===== THE DATA

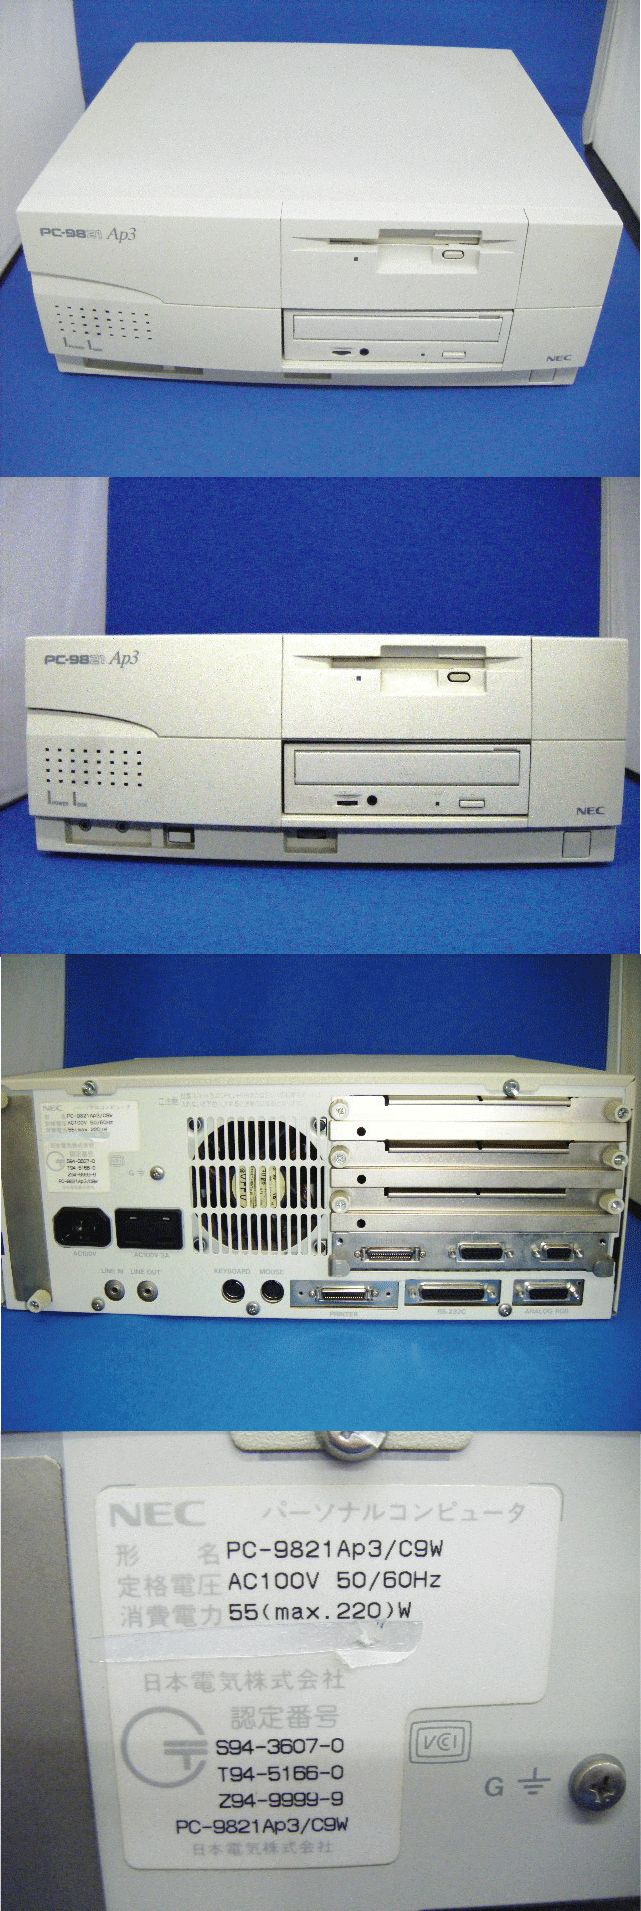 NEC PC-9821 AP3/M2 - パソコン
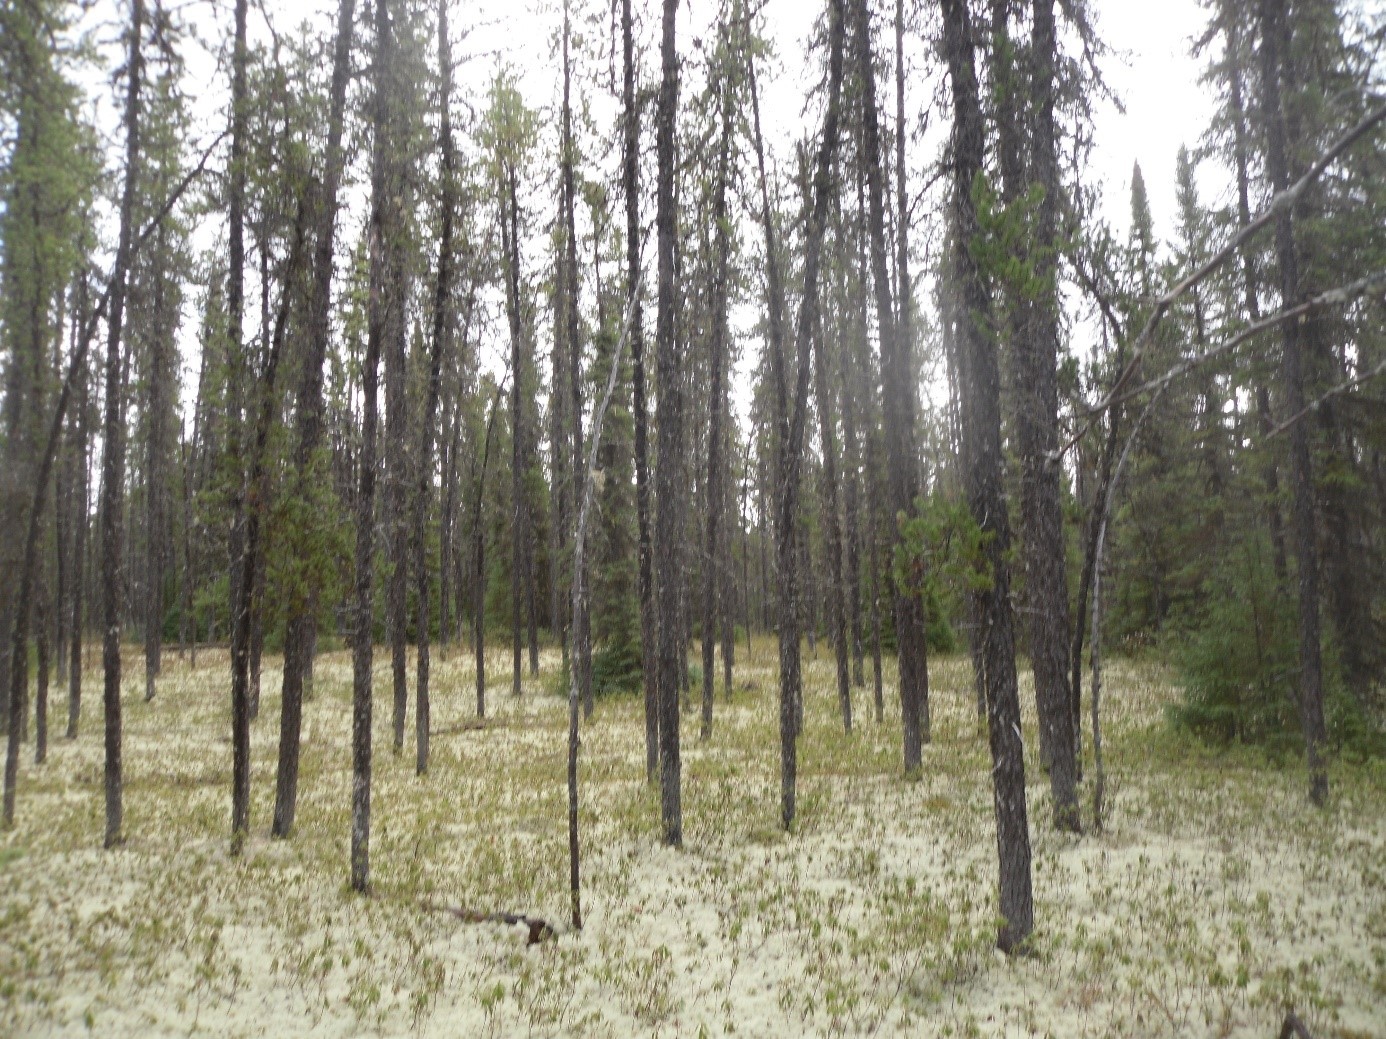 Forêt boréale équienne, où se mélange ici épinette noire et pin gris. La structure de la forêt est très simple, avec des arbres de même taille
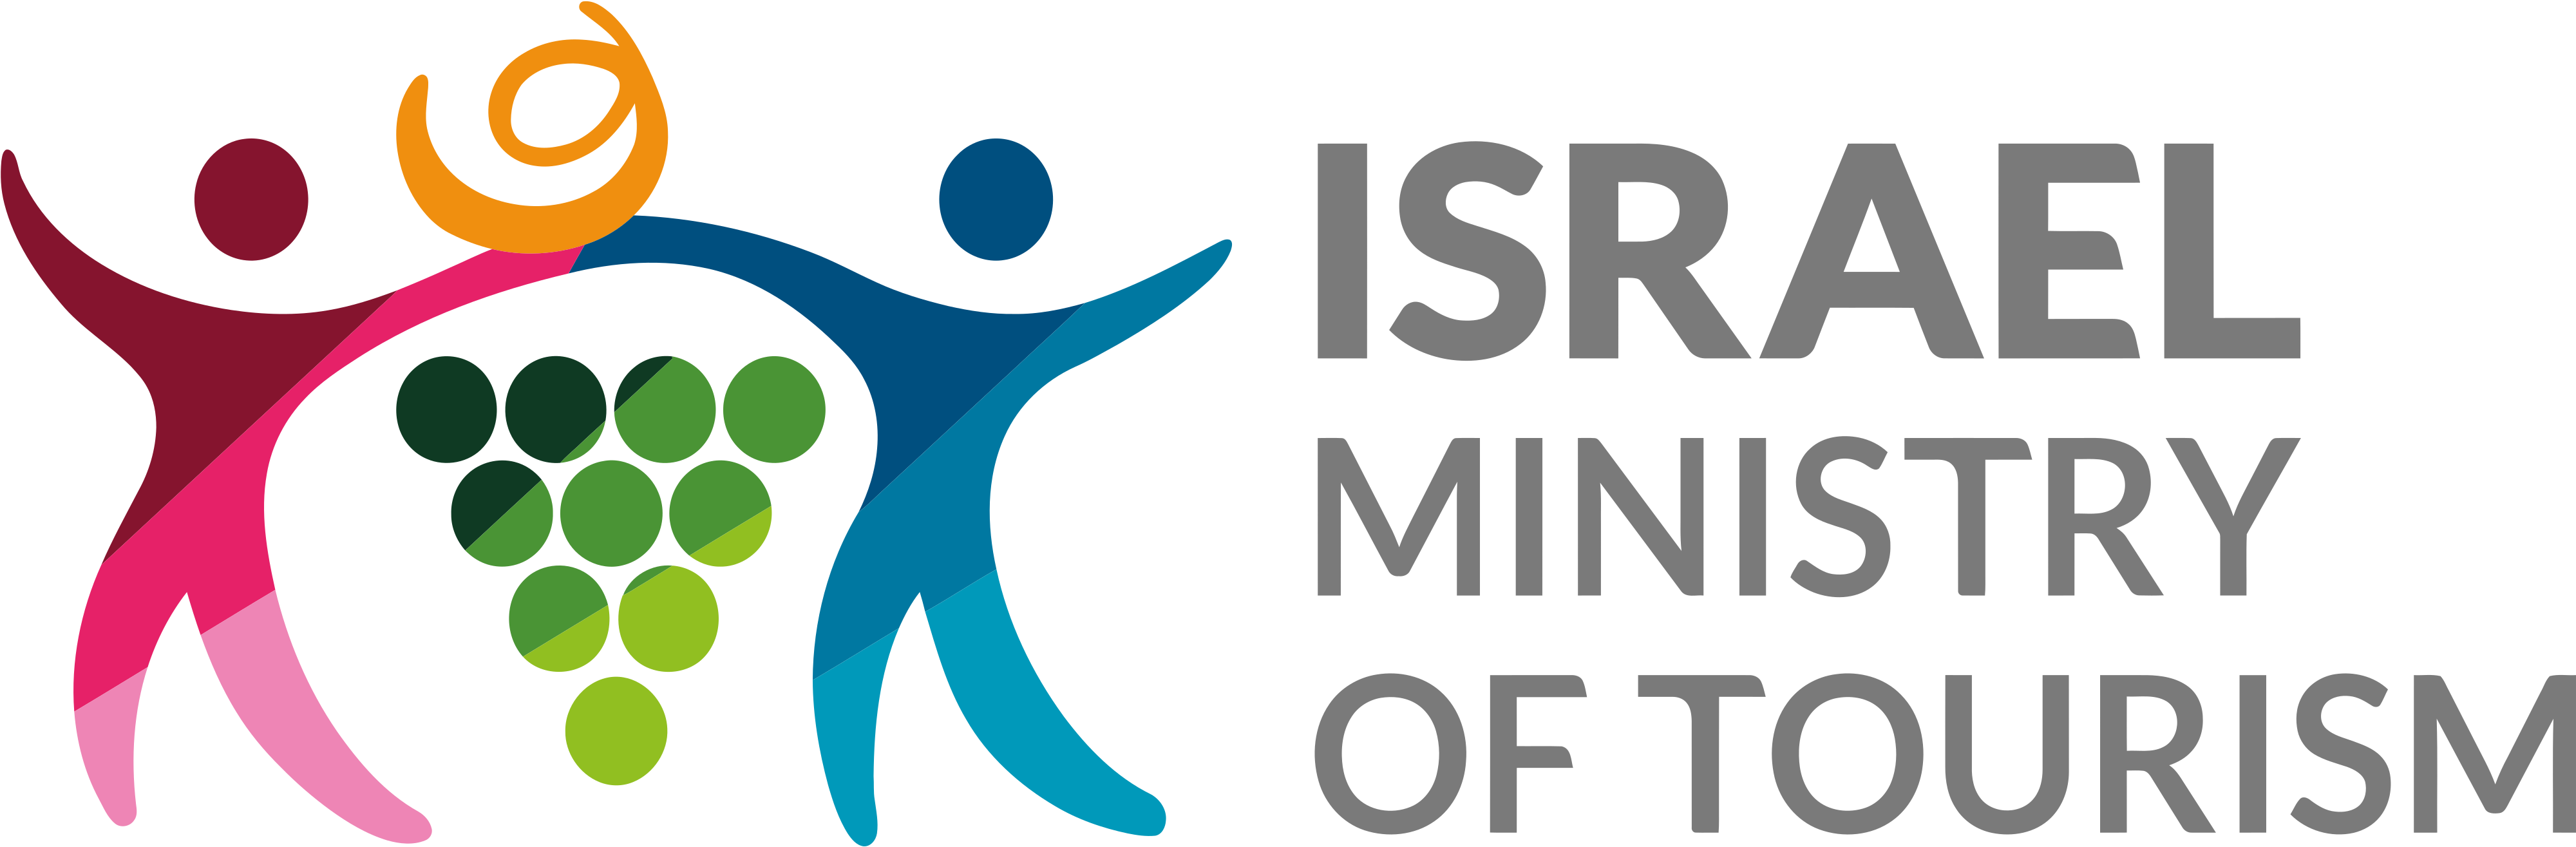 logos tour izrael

==========

## WHAT YOU ARE ASKED TO DO
Repeat all the material above exactly, apart from the pictures.

## EXERCISE RESULT
 NEC PC-9821 AP3/M2 - パソコン
 Forêt boréale équienne, où se mélange ici épinette noire et pin gris. La structure de la forêt est très simple, avec des arbres de même taille
 logos tour izrael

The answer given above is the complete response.